As I said, it’s probably not the best day to form an impression of Chicago. Beyond the snow and cold, and of course the wind, there are many closed storefronts, empty buildings, and a rather significant amount of strange innuendo from those seeking or selling sexual favours. When I arrived early in the wee hours, for example, there were two black guys in the subway station offering one or possibly both of them for sale. They were completely confused when I asked them directions about how to get where I was going. And today I asked a man on the subway train where a good place to go might be and he suggested Chinatown. On one side of the road was the traditional old town, on the other side, he said, is the strip mall. He mentioned the strip mall a couple of times until I finally I told him I’m not really into that and he left me alone.

Folks know that the Cuban revolution was about overthrowing the gambling and prostitution empire, right? No?

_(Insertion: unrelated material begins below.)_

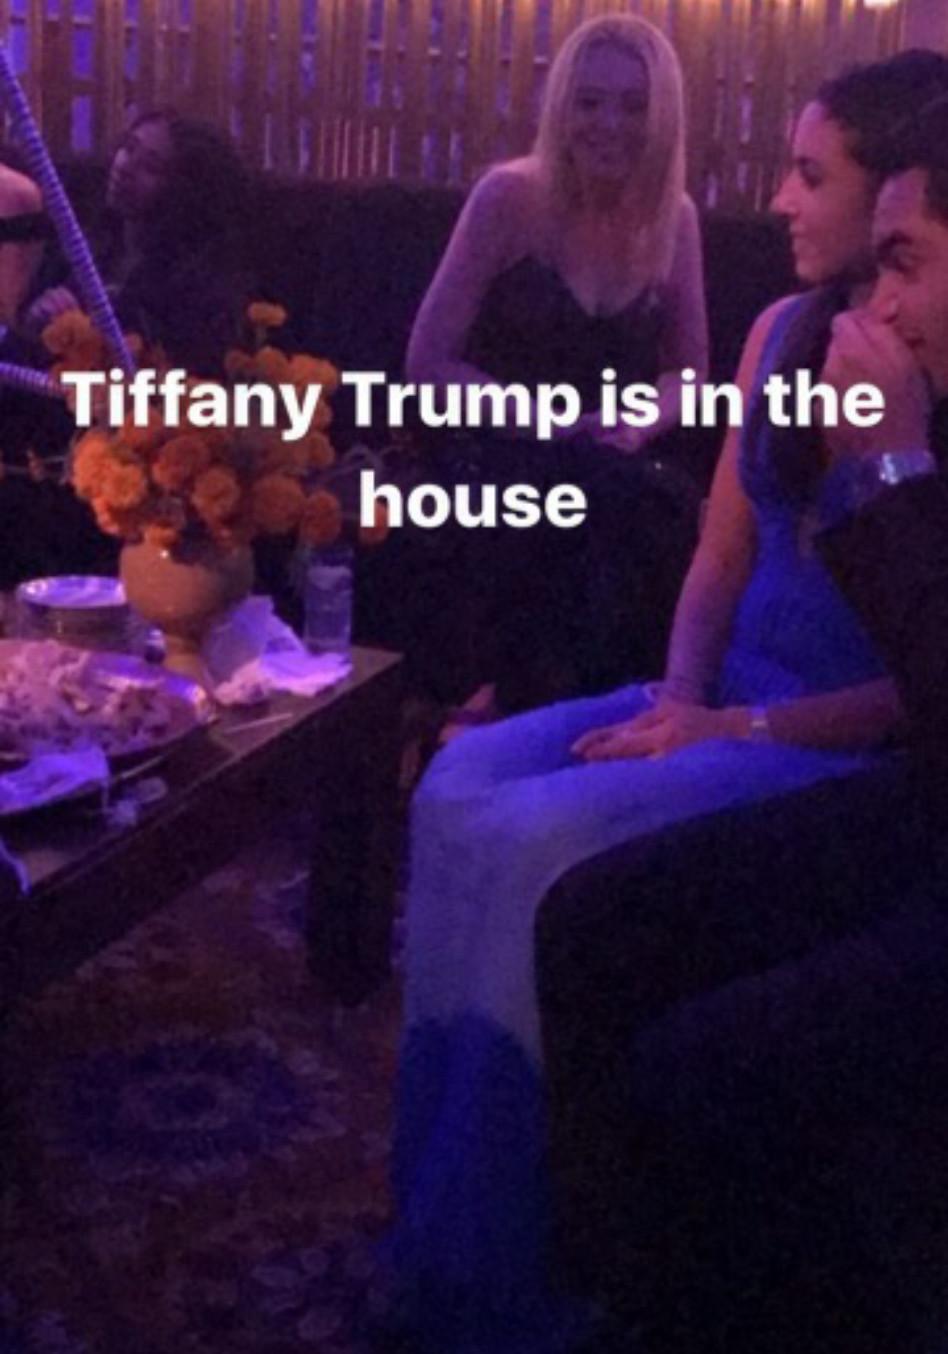 טיפאני טראמפ

Golly, I wonder why they don’t want folks to know that and just think of it an evil socialist dictatorship instead.

Chicago’s train system is fairly efficient, but definitely in need of cleaning and upgraded signage so that visitors don’t get frustrated trying to figure out that $2.25 only gets you a one way ride, you can add a quarter to an already used ticket and get a two hour transfer, or pay 5 bucks and ride all day. One rather surly attendant suggested I spend my short visit here writing to the transit authority with my concerns. They oughta hire someone like me to look at subway systems afresh, and tell them what they can do to improve comprehensibility. But they won’t. It’s all about cars, and people who can afford them.


Speaking of that, I won’t tell you how much this room is costing me these two nights ( It’s a funky hotel, I’m resting and watching a documentary about homelessness in the USA on MSNBC enjoying a Great Lakes Stout and the delicious Uncle Eddies Vegan cookies unavailable anywhere at home), but I will tell you that after a morning trying to sort out the public transit system and unsuccessfully find a decent cup of tea through the cold and wind and snow, it’s almost worth it. Jay got a relatively good rate for those of us travelling to be at his 50th birthday party … the regular rate is over $250 a night. Can you imagine? Then there’s the mini-bar, the additional for purchase bath products, bath robes, and the $14.99 plus tax movie options. Jay and I have definitely travelled in different directions along the economic pathway of life, but thankfully we’ve remained good friends and we can share stories about what it’s like on either side of the fence.